As I flashed back to the present, (swoosh again) I picked it up and held my breath, I slowly opened it. Nope, nothing. I breathed a sigh of relief and silently forgave myself and every other kid who been silly enough to think they could keep milk in a cardboard silo. Needless to say, I snatched it up, and it reminds me of the simplicity of being a kid because seriously, if it looks like a thermos, It ought to be able to be used as a thermos.

Regular lunchbox versus FP lunchbox
Regular lunchbox versus FP lunchbox
No crying over spilt milk!
No crying over spilt milk!

-Cheri

What is your most amazing garage sale find?

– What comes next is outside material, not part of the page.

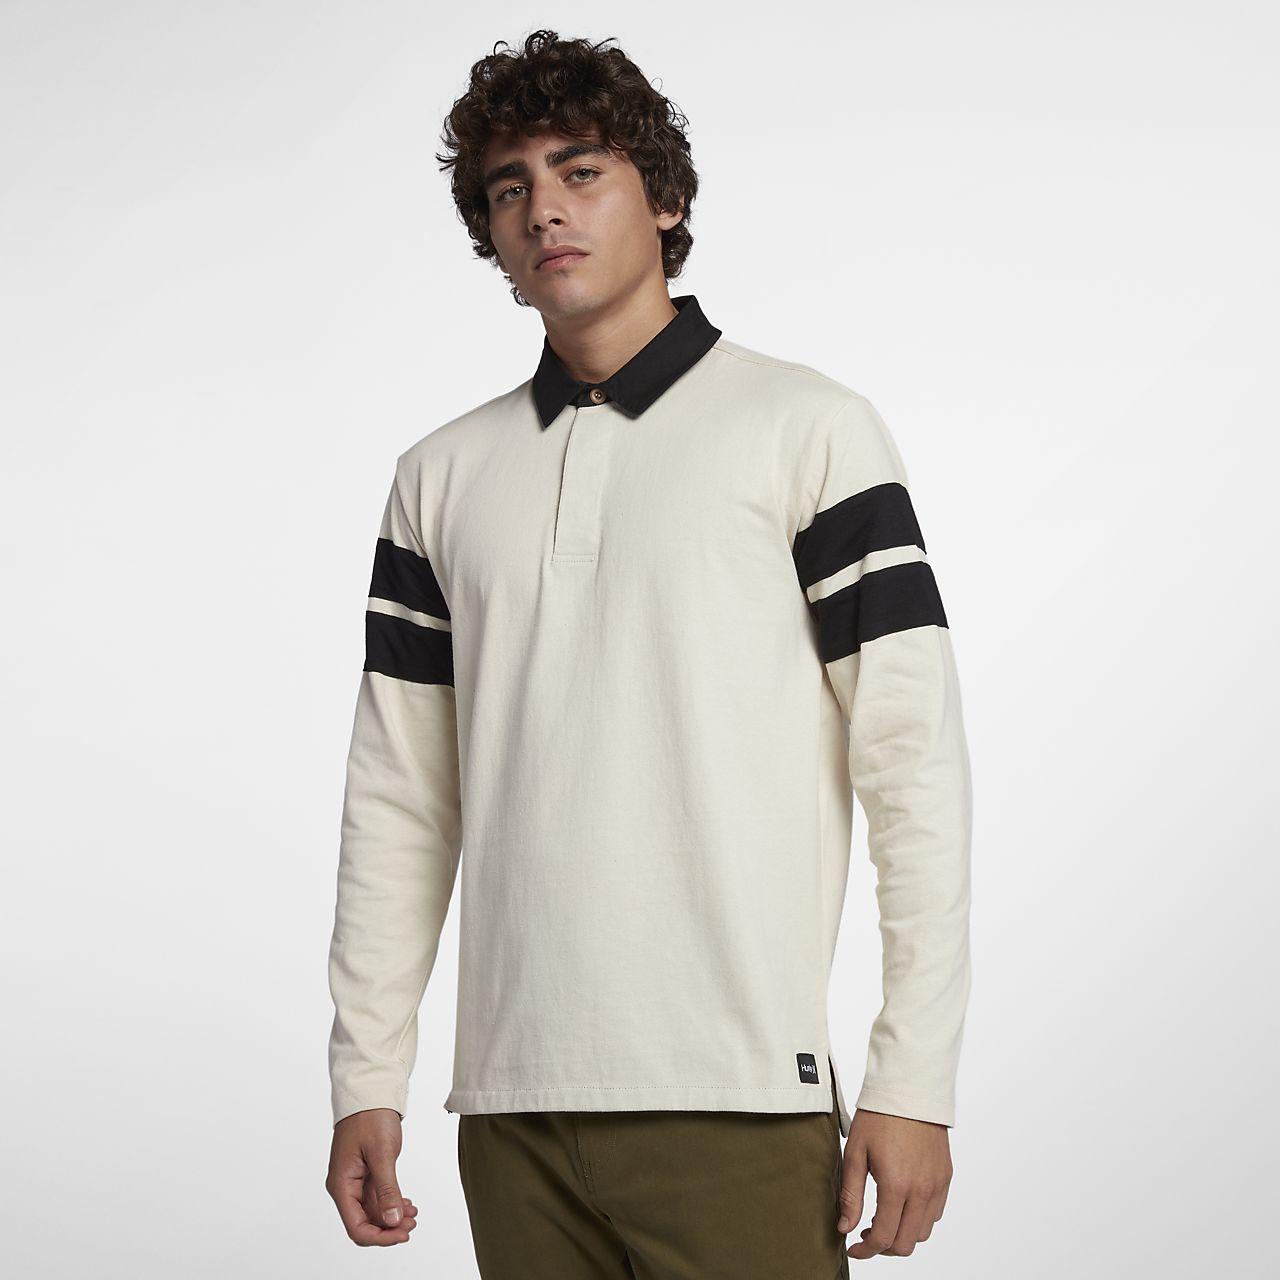 Hurley Rugby Langarm-Poloshirt für Herren

Greetings to my fellow family blogettes. I would like to ask all of you, “What is the bestest or favoritest item (you feel) that you have picked up at a garage sale, auction, rummage or even an antique store.

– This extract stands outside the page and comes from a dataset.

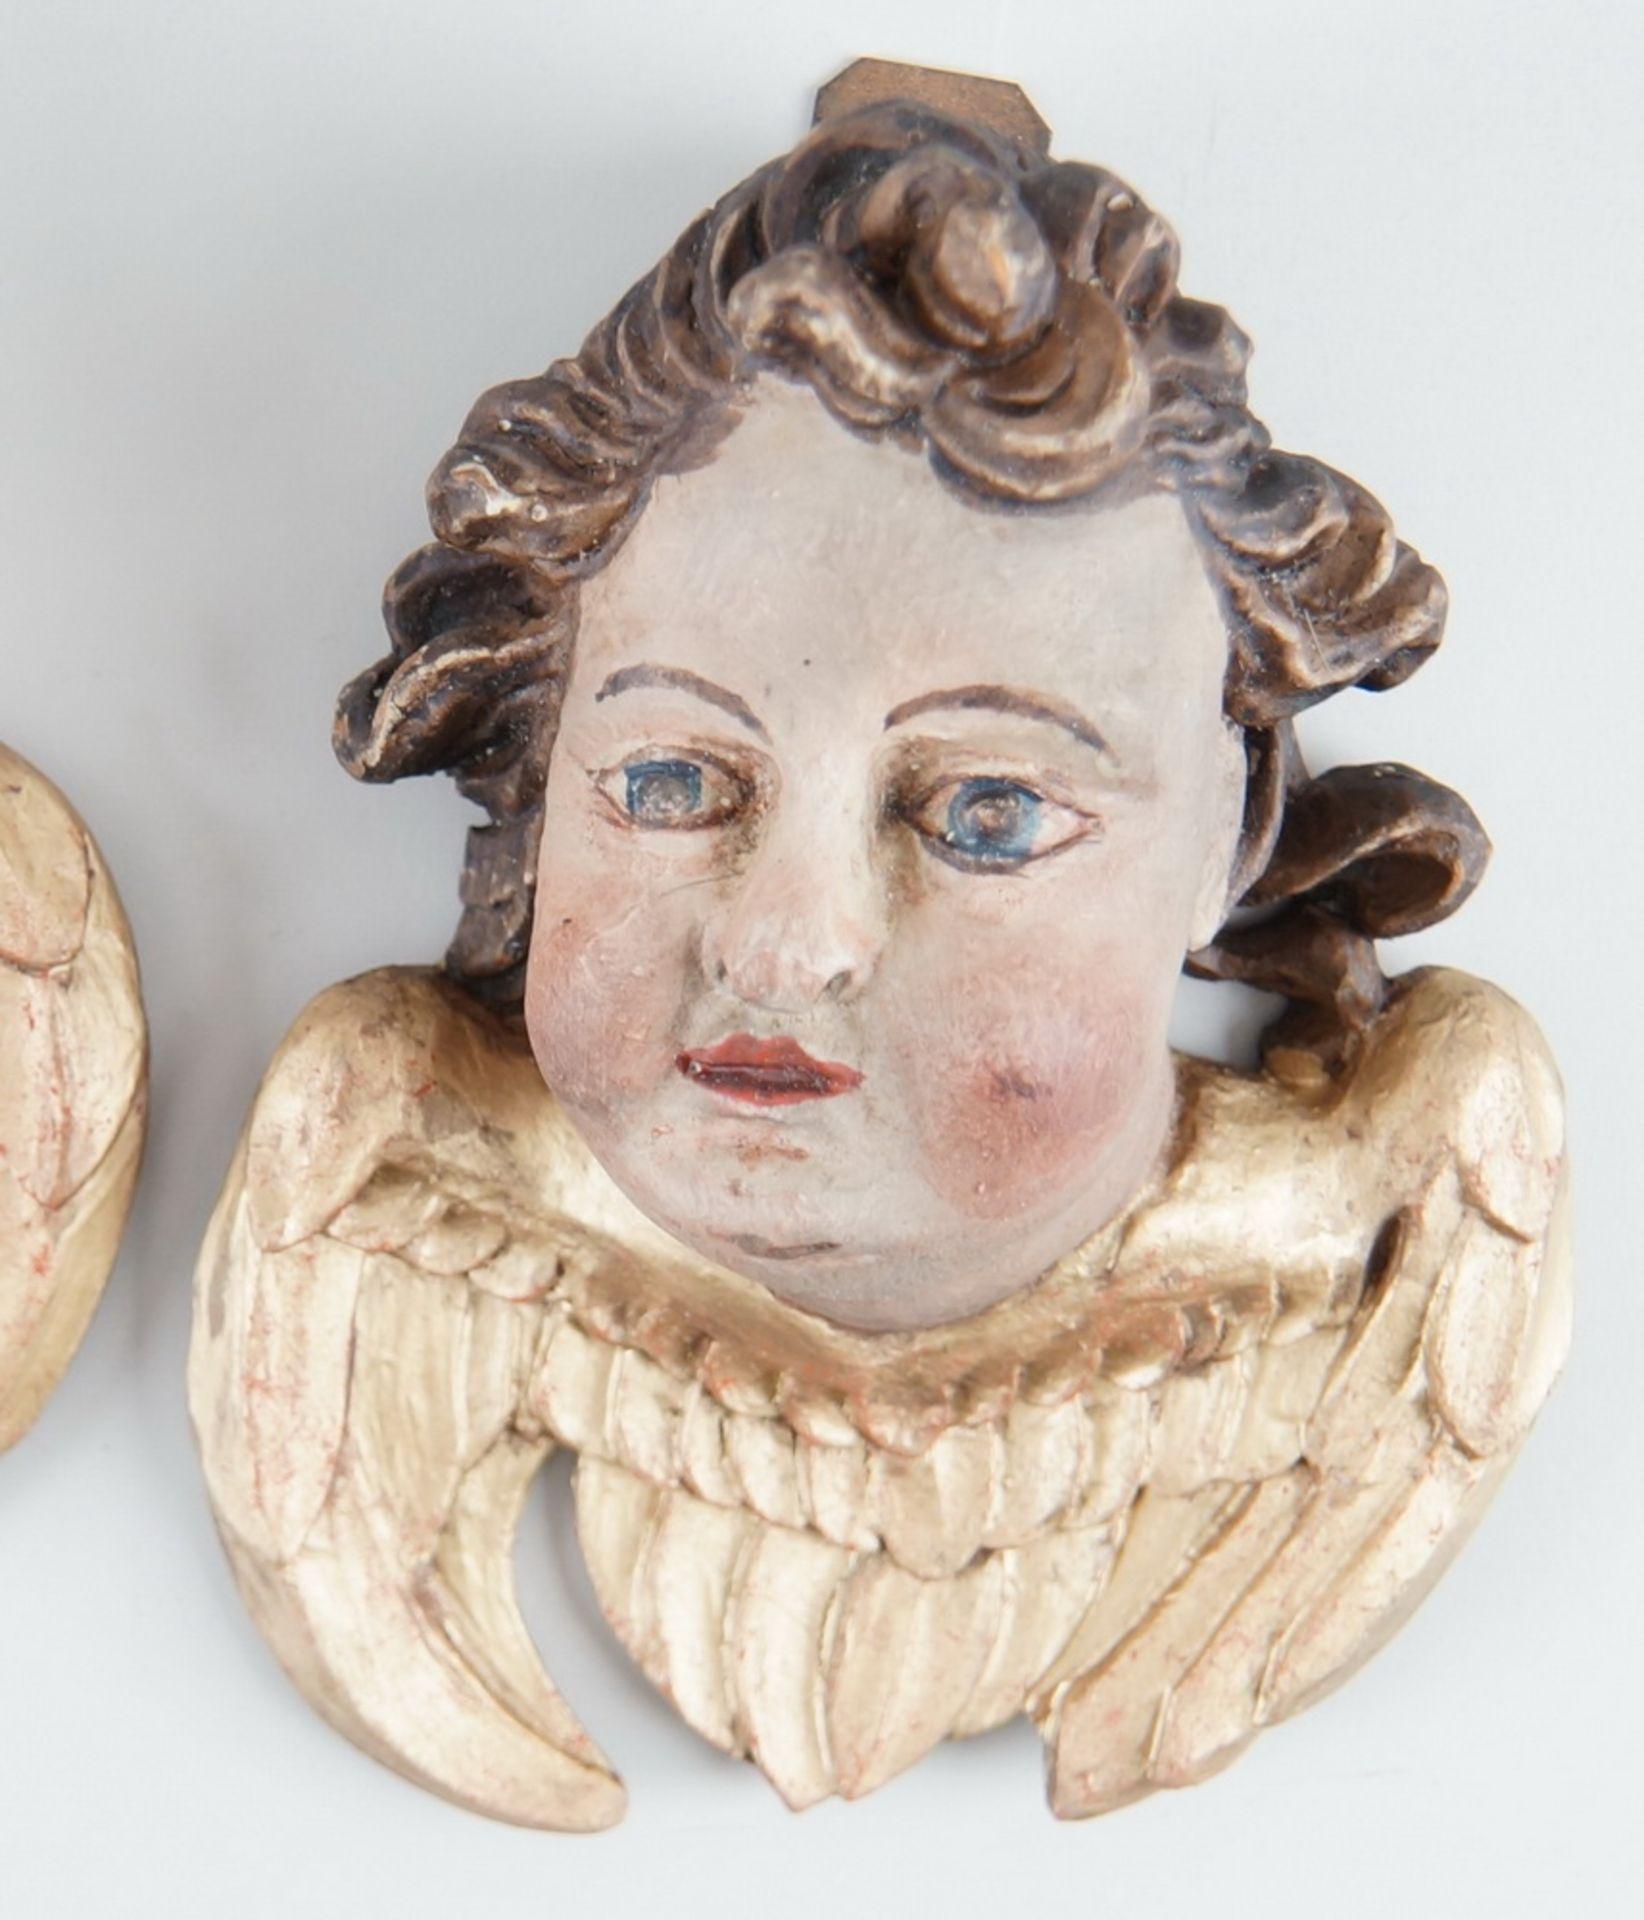 Paar Engelsköpfe mit Flügel, Holz geschnitzt und gefasst, 18. JH, rest., H ca. 20 cm - Bild 4 aus 5

I know what mine is, but I am really not so sure what yours are. So, get your thinking caps on and start perusing your favorite finds. This challenge should be a lot of fun.

Cheri

Garage Sale Find, always keep looking…

Blue Refrigerator Pitcher
Blue Refrigerator Pitcher

This is a good find with a good story. I love old pitchers and anything refrigerator related. Sis pointed this out to me while on her way to other things. (See, I told you she sees all the good stuff.) I stepped casually in front of a few others whom it turns out wanted something else…but you can never be too careful when there’s an item that meets two of your collectible criteria. Keep those elbows out and pointed. You can imagine my disappointment when I noticed that the lid had the pivoting end broken off. I was going to buy it anyway because the price was too good to be true, however, I wouldn’t be able to use it the way it was meant to be used. Who among us would want to take a lid off and have to place it on the table when you could slip it open ever so casually with your thumb? That’s the genius of marketing. Then I noticed that the break looked very new and since our motto is ‘always keep looking,’ I nudged the sis.

me: “Do you think that this piece could be somewhere here?”

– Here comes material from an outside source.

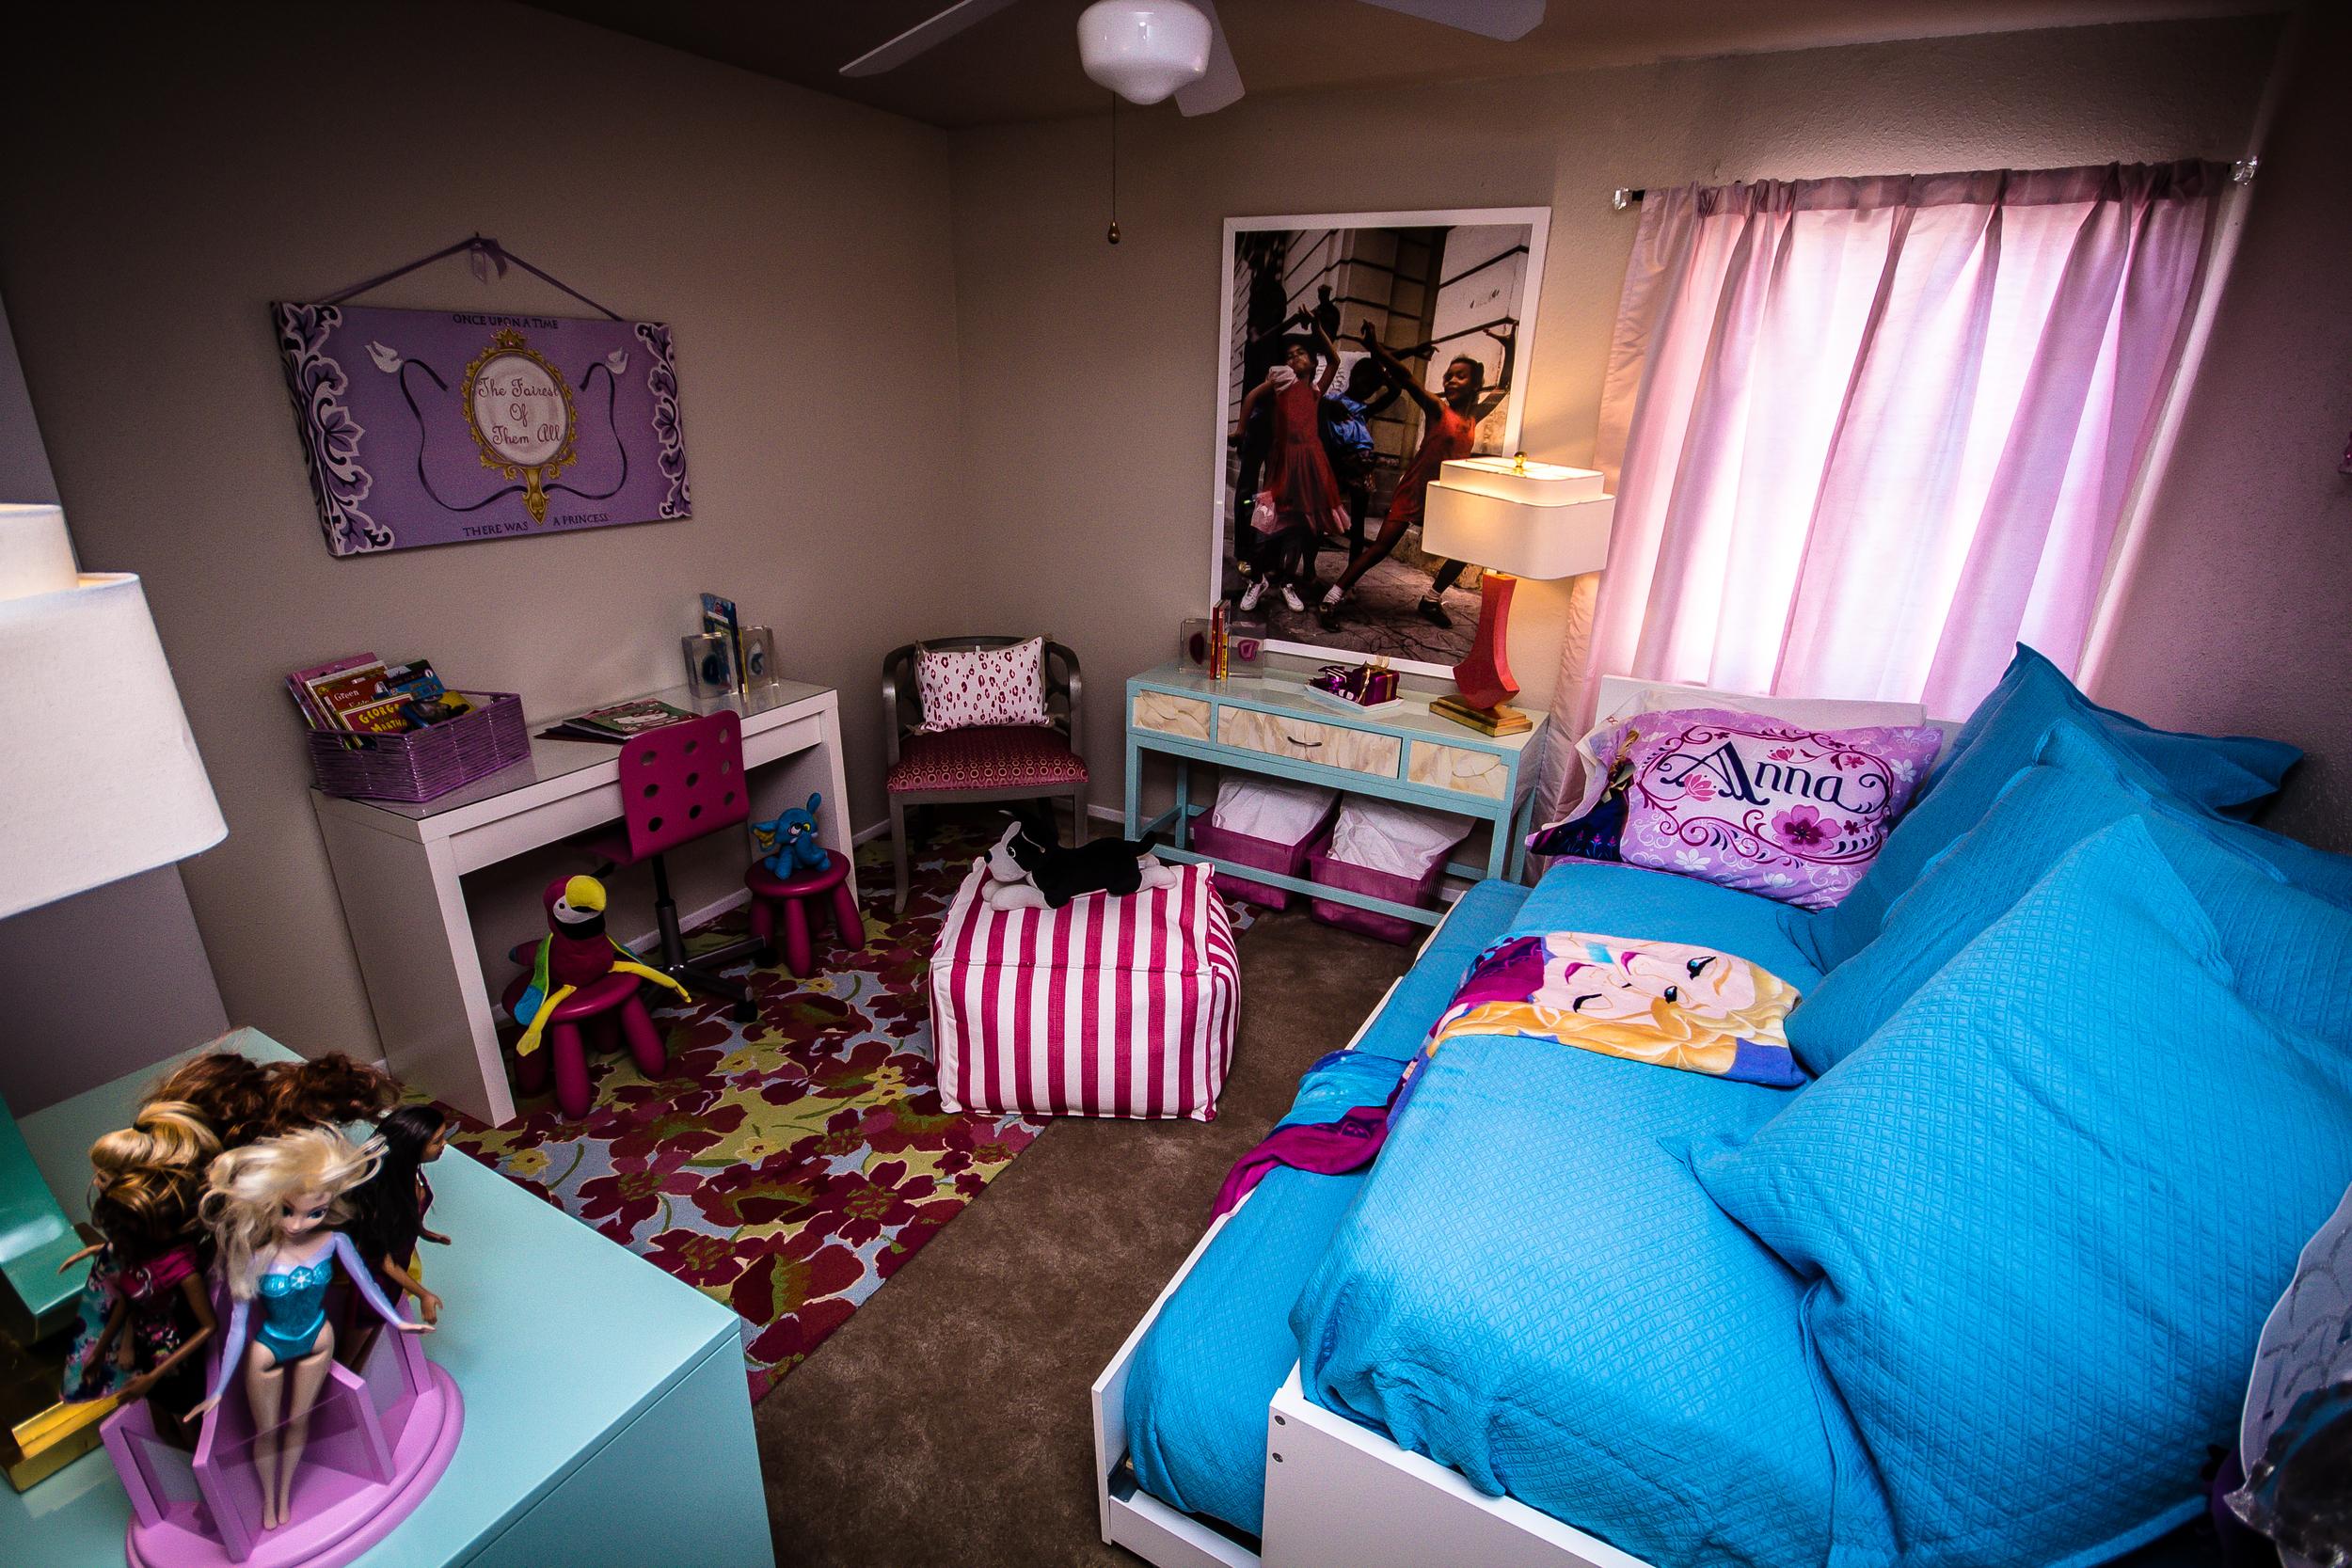 Faith's Room - After

sis: “I dont know go look for yourself.”

me: “I did but I can’t find it. I wonder if it’s still in the house?”

sis: “What do you want me to do about it? I’m busy with these skeleton keys.”

me: “Ask them for me, please?”

And of course, she does–after she secures the keys. And of course, they are quite willing to oblige. Everyone likes her. It’s not fair. But she’s too nice and will let me make her do the asking. Sis got permission, marched into the kitchen, reached into the cupboard and produced the pivoting end. Just like that–Magic. I took the pitcher home, glued the lid together and it is living happily on my shelf.

Shelf of Pitchers
Shelf of Pitchers

I took a picture of the mend to show that cracks are very subtle. If you can put something back together it’s almost as good as new and it’s always cheaper.

Lid Mend
Lid Mend

-Lynne

It’s Saturday and Garage Sales

My sister is the master of garage sales and I refuse to go to a sale without her. I can walk through a sale and see nothing, nothing and more nothing. I go home and start muttering things. Not good things. “I wasted my gas for this! Does everybody buy from the same stores? Are all the vintage items stored away in collections?” But when my sis is along the world is our shopping mall. She sees the shelves I’ve been wanting in the back corner under a furnace, the comforter that is just perfect for padding my couch cushion in a box covered by Happy Meal toys and that vintage kitchen utensil with the red handle hiding in a carton of plastic lids. I don’t pretend to understand it. She’s a genius and I float behind in her tailwind gathering the good finds.

It was hot today and getting hotter, but we found some cool deals. Our first sale was so much fun that we didn’t need to go anywhere else. Of course we did go elsewhere but that urge for the hunt had been satisfied and anything else we found would be gravy.

Chicago is the nearest city with an Ikea and I have despaired of ever getting there. Two and a half hours is not really that long to spend in a car, but the thought of traffic and the cost of gas have kept me rooted in this small town. Anyway I found some items from Ikea at a sale today. I don’t know what they are but I bought them because I figure I can go on the internet and learn the details later. That is the way to shop a garage sale.